A child dances during a tour inside the Roundhouse on Dec. 8. (Photo by Austin Fisher / Source NM)
A bill that would require second homes and short-term rentals to pay more of the property tax burden was tabled by a Senate committee on Tuesday.
The Senate’s Tax, Business and Transportation Committee stalled the measure following skepticism about several aspects of the bill, which some lawmakers said did not go far enough in addressing inequities in the state’s property tax system.
Co-sponsor Rep. Jason Harper (R-Rio Rancho) said the bill would have meant a “couple of steps forward,” but acknowledged he thought more needed to be done, in making property taxes fairer here. He said he’d try to introduce a version of the measure during the 60-day session in 2023. Assuming the legislation is not resurrected in the next 48 hours, this is at least the third time such a proposal failed in the Roundhouse in the last three years.
New Mexico caps the increase on assessed property value at 3% each year. It’s a policy meant to prevent owners from being driven out of their homes by high property taxes, which are based on the value of their houses.
The 20-year-old cap was imposed amid sharply rising property values in urban areas in Santa Fe. It meant that longtime homeowners have not seen sudden, huge increases in their property taxes if they live in a neighborhood that is suddenly popular, like in parts of Albuquerque or Santa Fe.
When a property is sold under current law, taxes are reset based on the market value, meaning that some new property owners face much steeper property taxes. It is also often the case that two homes in the same neighborhood pay very different tax bills if one has been owner-occupied for longer.
Critics also say the cap is a giveaway to property owners who can afford the property taxes, and that’s part of what’s driving neighborhood change. And it burdens low-income property owners with an unfair share of the tax levy, said Rep. Matthew McQueen (D-Galisteo), the bill’s sponsor.

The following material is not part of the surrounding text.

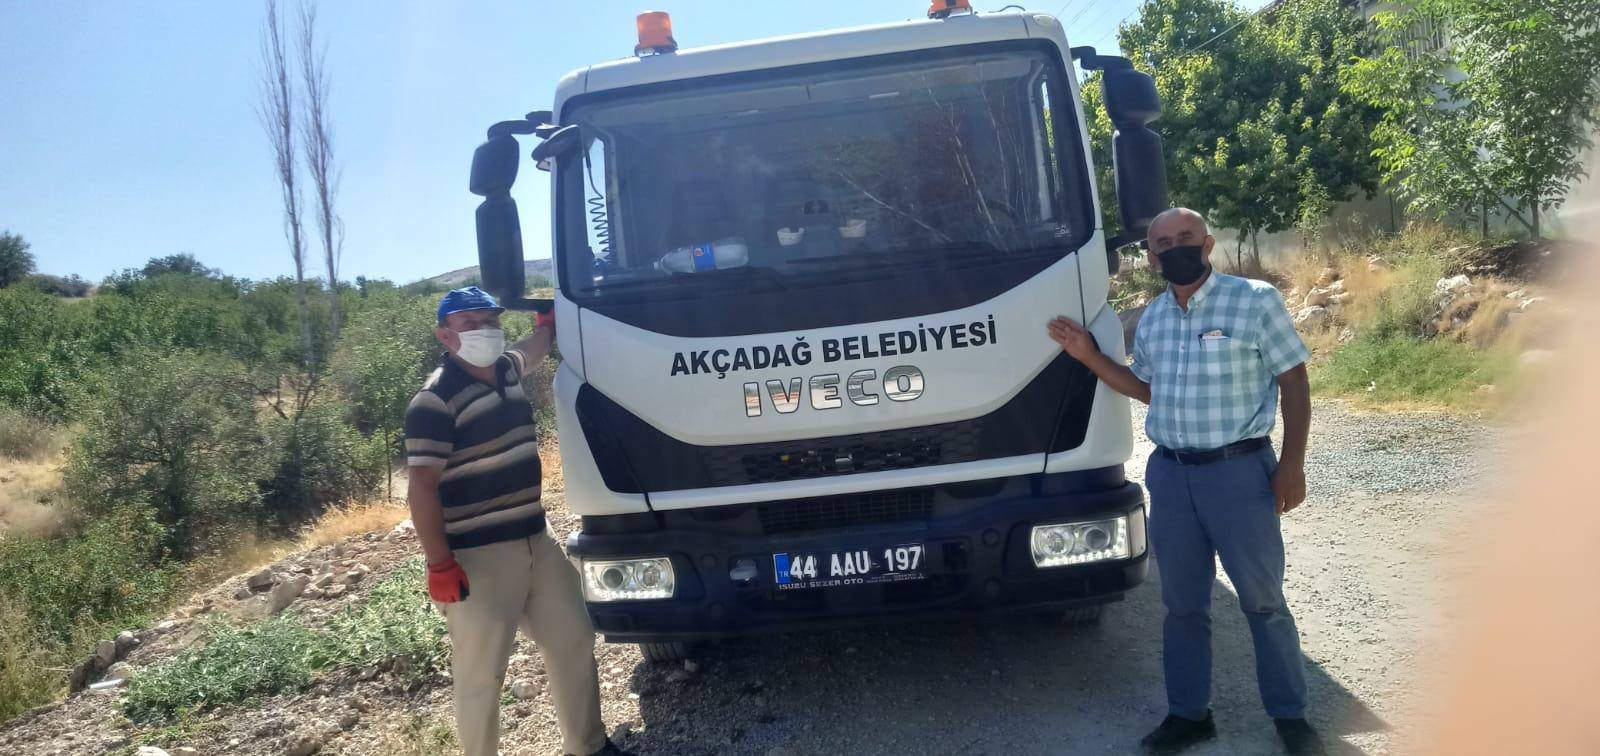 Akçadağ Belediyesi Hijyen Kurallarına Azami Özen Gösteriliyor

Residences that are used for short-term rentals like AirBnB — which can drive up property values and displace residents — shouldn’t get the benefit of the tax, McQueen said. Neither should wealthy out-of-staters, like those from Texas or California, who buy their second or third home here, he said.
The measure would have increased the cap on assessments from 3% to 10% on “a residential property that is not occupied as a principal place of residence” beginning in 2024.
Subsequent amendments to the bill specified that a “principal place of residence” includes where someone lives or where tenants in rental properties live. It does not include a dwelling rented in less-than-30-day increments, according to the bill.
The New Mexico Realtors Association opposed the bill, according to a lobbyist who testified Tuesday.
“The New Mexico realtors believe that this is not a meaningful correction, and we stand in opposition to the bill,” lobbyist Brent Moore said.
A lobbyist for the N.M. Association of Counties, which represents assessors who determine the taxable value of properties, said the association supported the bill but was concerned whether it would add additional burdens on assessors’ offices.
About one-third of all residences in the state are not occupied by the owner, according to a Legislative Finance Committee evaluation of a 2020 version of the bill. There were 943,208 residential properties in the state in 2018, according to the analysis, and 637,609 of them were owner-occupied.
The analysis also concluded that the bill’s effect on local tax revenues would vary widely across the state, which has many towns and counties where market values are increasing less than 3%, anyway. The bill’s effects would overall be “very moderate” on local governments’ revenues, according to the report.
Harper said the bill would result in a slight decrease in the property tax bill in areas with a lot of second homes and AirBnBs, and he encouraged lawmakers to consider a broader approach to reducing property tax inequities, especially one that doesn’t change policies across the state when trying to affect one particular area.
“I really think this is a cautionary tale. What was pushed through as a fix to a small part of our state 20 years later has turned into a complete nightmare for the entire state,” Harper said. “So we need to be very careful that we don’t legislate single problems with statewide solutions.”